This interest is all the more remarkable given how similar Corbyn’s views are to those he held some 40 years ago. There is very little that’s hot off the press. That came through very clearly in writing Corbyn the Musical – without spoiling the surprise, the play’s plot revolves around a nuclear crisis between Britain and Russia, that Corbyn has to try to defuse – and the answer lies in the apocryphal motorbike trip taken by Corbyn and Abbott to East Germany when they were lovers in the 1970s. It is surreal enough that one of today’s leading politicians was already politically active more than a decade before the fall of the Berlin Wall, but even odder that the Jeremy Corbyn of the 1970s who we depict holds the same views as the man in charge today. The only different is the thickness of his beard.
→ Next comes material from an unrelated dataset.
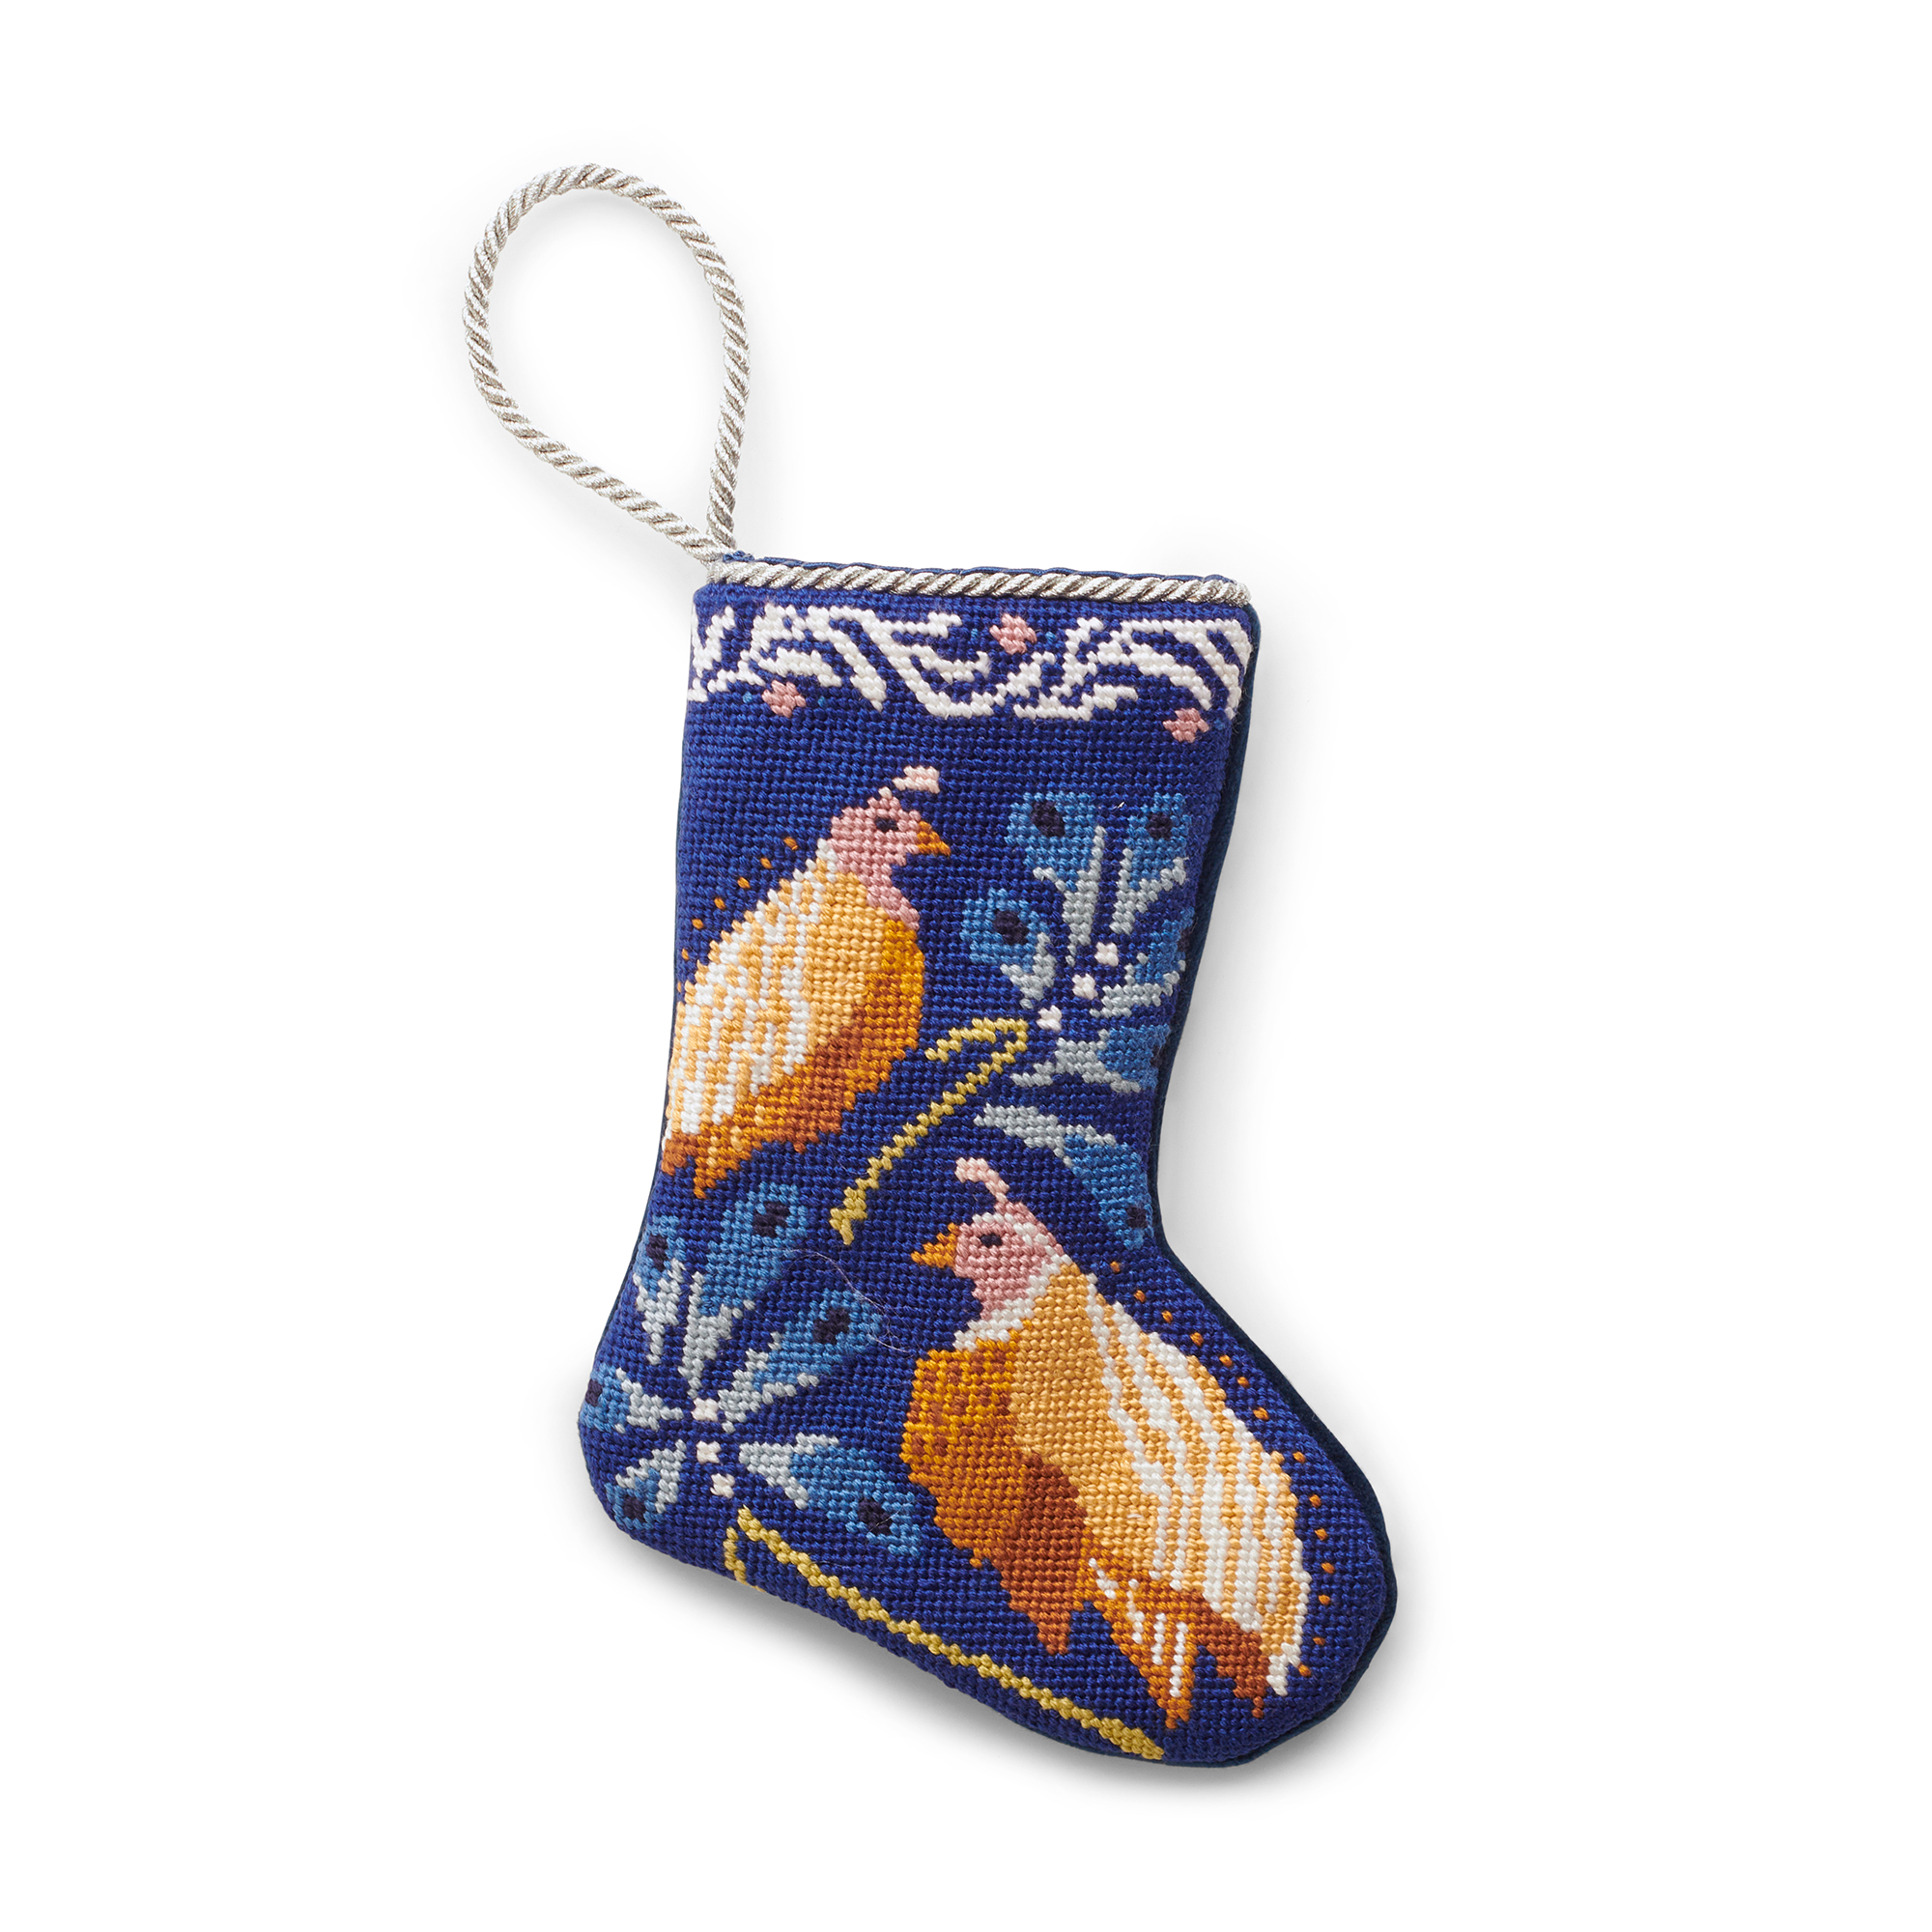 A charming Christmas stocking, featuring an illustrated two birds contrasted to the dark blue  background. A gold loop at the top, is making it perfect as tree ornament, place setting, or for hanging by the fireplace.

The Corbyn factor translates into tremendous recognition amongst members of the public. A YouGov poll just two weeks after he became Labour leader found that 89 per cent of people knew who he was, compared to 34% for other senior members of the Shadow Cabinet – and Corbyn was more recognisable than George Osborne, who had already been Chancellor for more than five years.

This, surely, is Corbyn’s last opportunity. People know him, and they are listening to him. So far, he hasn’t won them over. But, crucially, he still has the window of opportunity to do so. And, if all else fails, well, Jeremy, we’re always willing to offer you a cameo in the show.